Spoiled for choice

It’s funny, seeing as how the work I’m doing is all about choice, that I’m critical of it. I just saw an ad for RSVP, an online dating service, and the theme of the ad was winnowing down preferences. “Must like dogs. Loves to cook.” Blah blah blah.

We’re spoiled for choice, and by choice. Before we could move across great distances at will or chat with strangers on the other side of the world, we had who we had, and that was about it. You grew up in your family, your town, your neighborhood, and you took the things you disliked with the things you liked. And because you didn’t have an option to get away, surround yourself with the safe and adored things of your heart’s desires — physical, political, imaginary, whatever — you had to learn how to cope.

I am forgetting how to cope.

I am a liminal child. Born between cultures, now living between two different ones, I grew up in the waning days of rotary phones and the era of air travel as a sign of sophistication. I remember sitting in the smoking section with my mom, that’s the kind of era I’m talking about. Problem people and problem issues could only be ignored so long before they had to be confronted.

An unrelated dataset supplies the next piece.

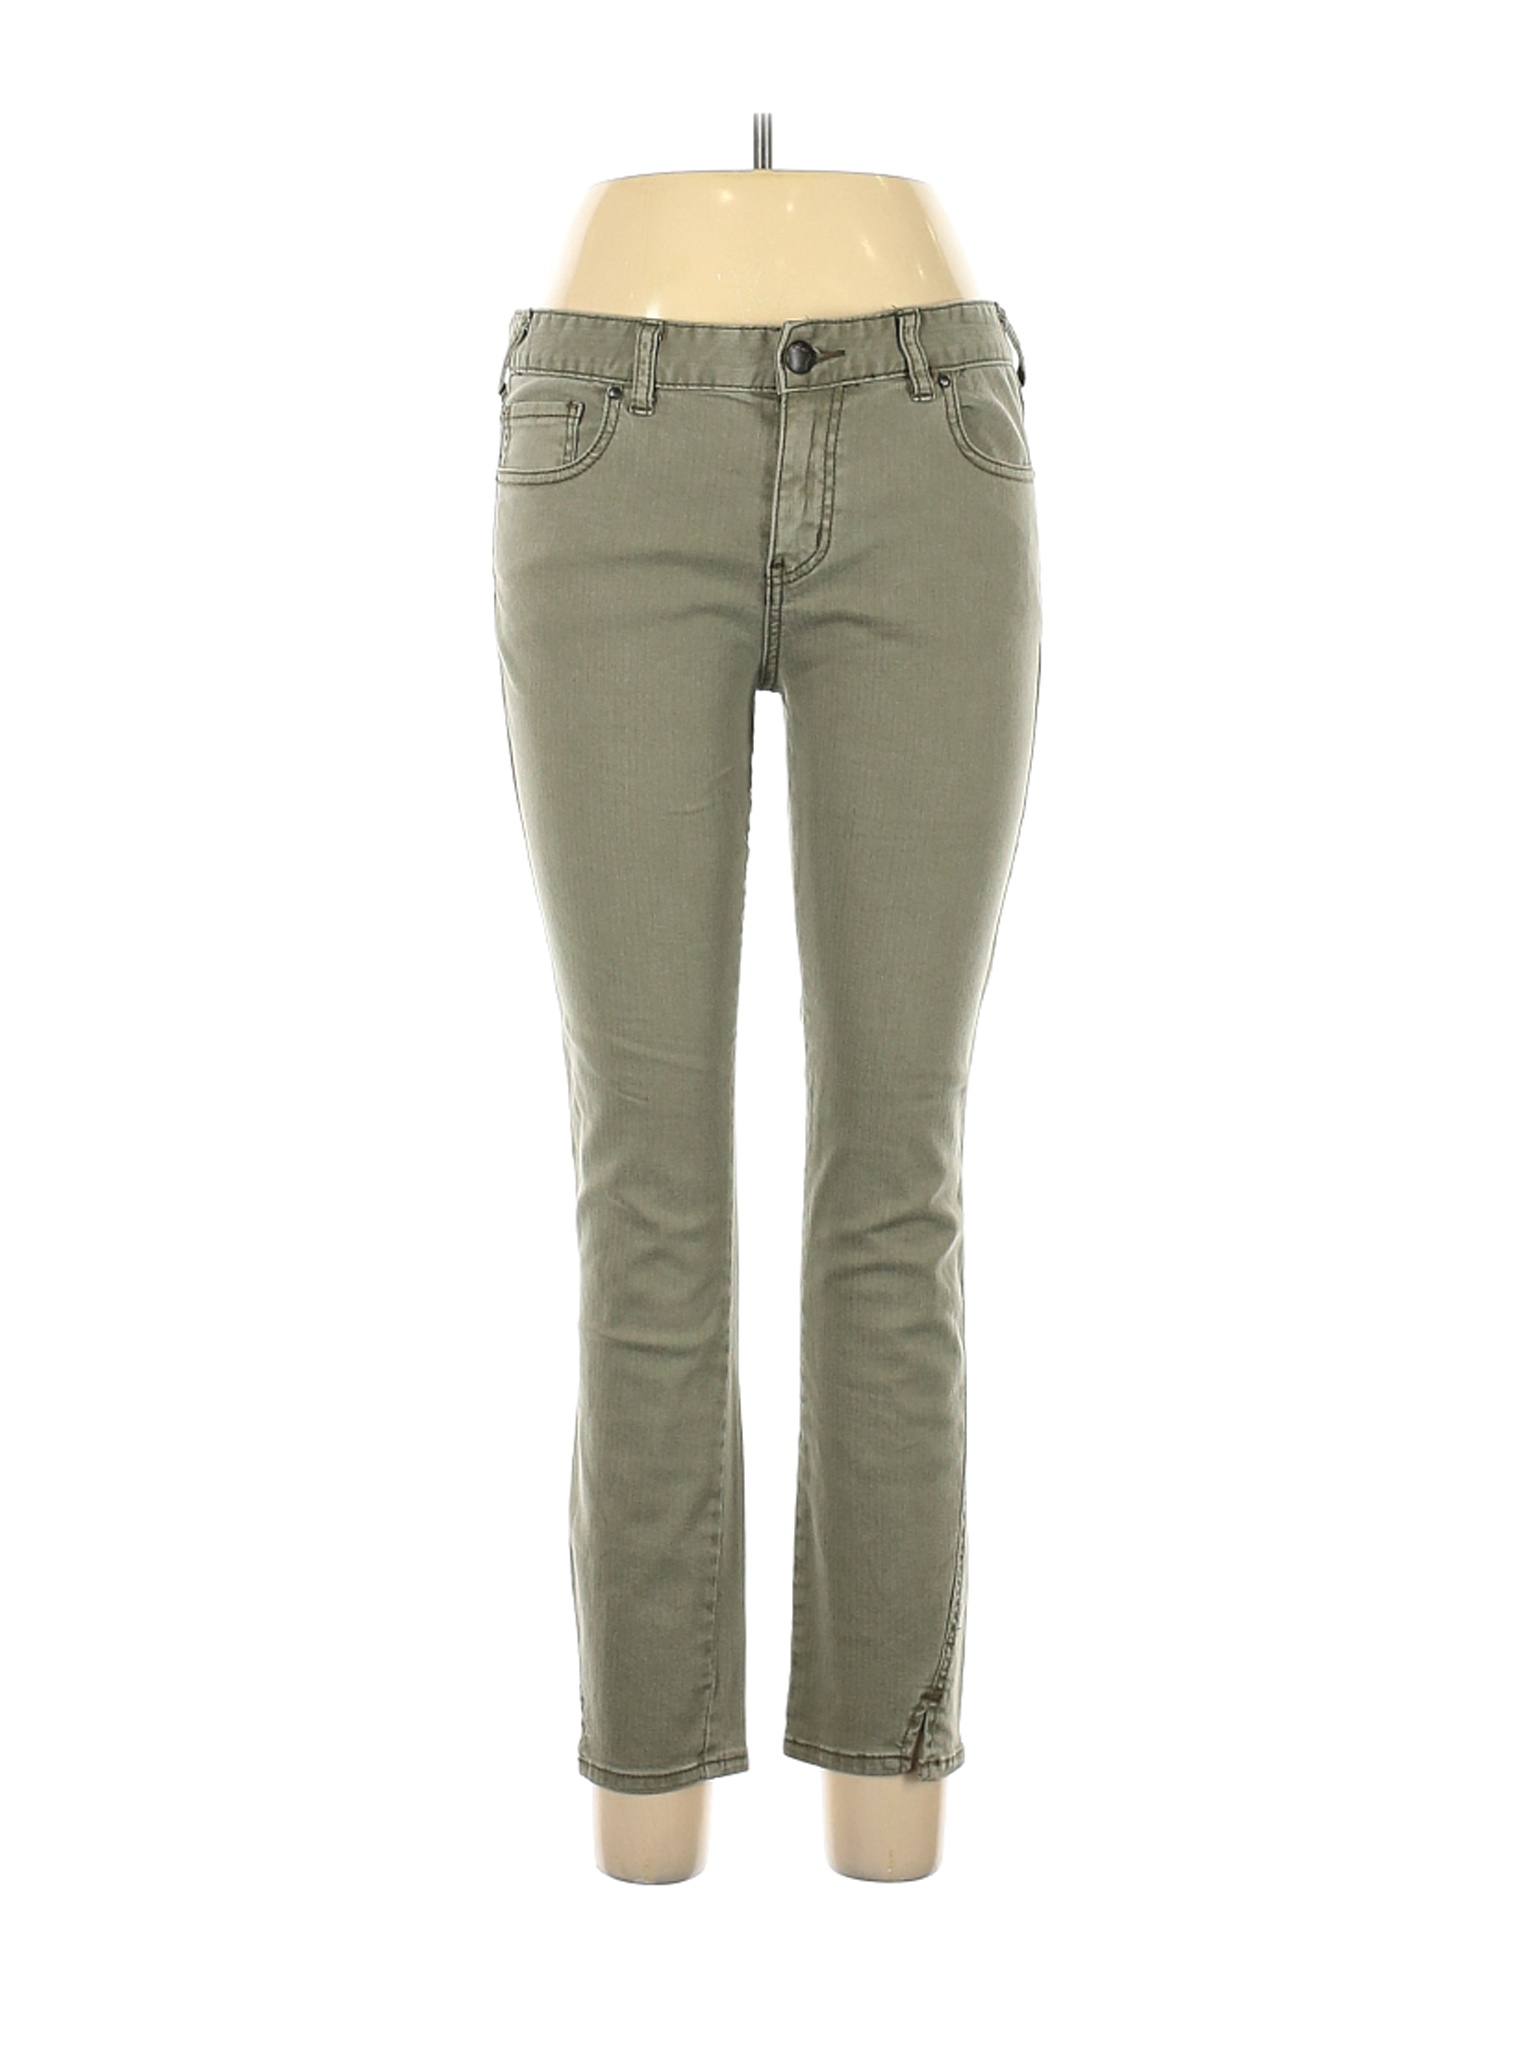 Free People Women Green Jeans 30W | eBay

There are two kinds of ingenuity: the kind that adapts, and the kind that escapes. Bruce Lee and Houdini. In the days before the super-granular preferences of subreddits and Facebook groups and whatnot, your options for avoidance of the unpleasant and adherence to the comfortable was limited; being Houdini was hard. So was being Bruce Lee, but you learned how to cope, how to adapt. I had to learn to cope and adapt. I had amazing friends who stuck with me, and I had really awful people in my life who reveled in watching me squirm. Here’s the thing: some of the former started as the latter. Because we had no escape, we had to find ways around ourselves, our own judgments, for the sake of our own continued coexistence.

Now I can count on one hand the people who I know and admire who think very differently from me, ideologically. And it’s a problem. If you don’t think so, then please see US Congress, Exhibit A. People toss around that quote — by Jefferson, or Franklin, one of the US founding fathers — that, paraphrased, says ideological disagreements don’t have to be friendship dealbreakers. Because we can learn from each other, we can learn from people who don’t see things the way we do. It’s why travelling is so important. But key to this exchange is respect. And when you can Houdini away, you don’t have to be the respectful but assertive Lee.

We must be responsible with our choices. We can’t put the tech genie back in the bottle, nor should we. It would be a waste. But what we do need to do is step up and take responsibility for ourselves, stray from the people and places we find comfortable, because it’s only through this kind of mindful confrontation that progress happens. Sometimes that progress is hard and painful, but often it’s meaningful and well worth the trouble.

To defeat the luxury of choice, we don’t eliminate choice: we just learn to decide better.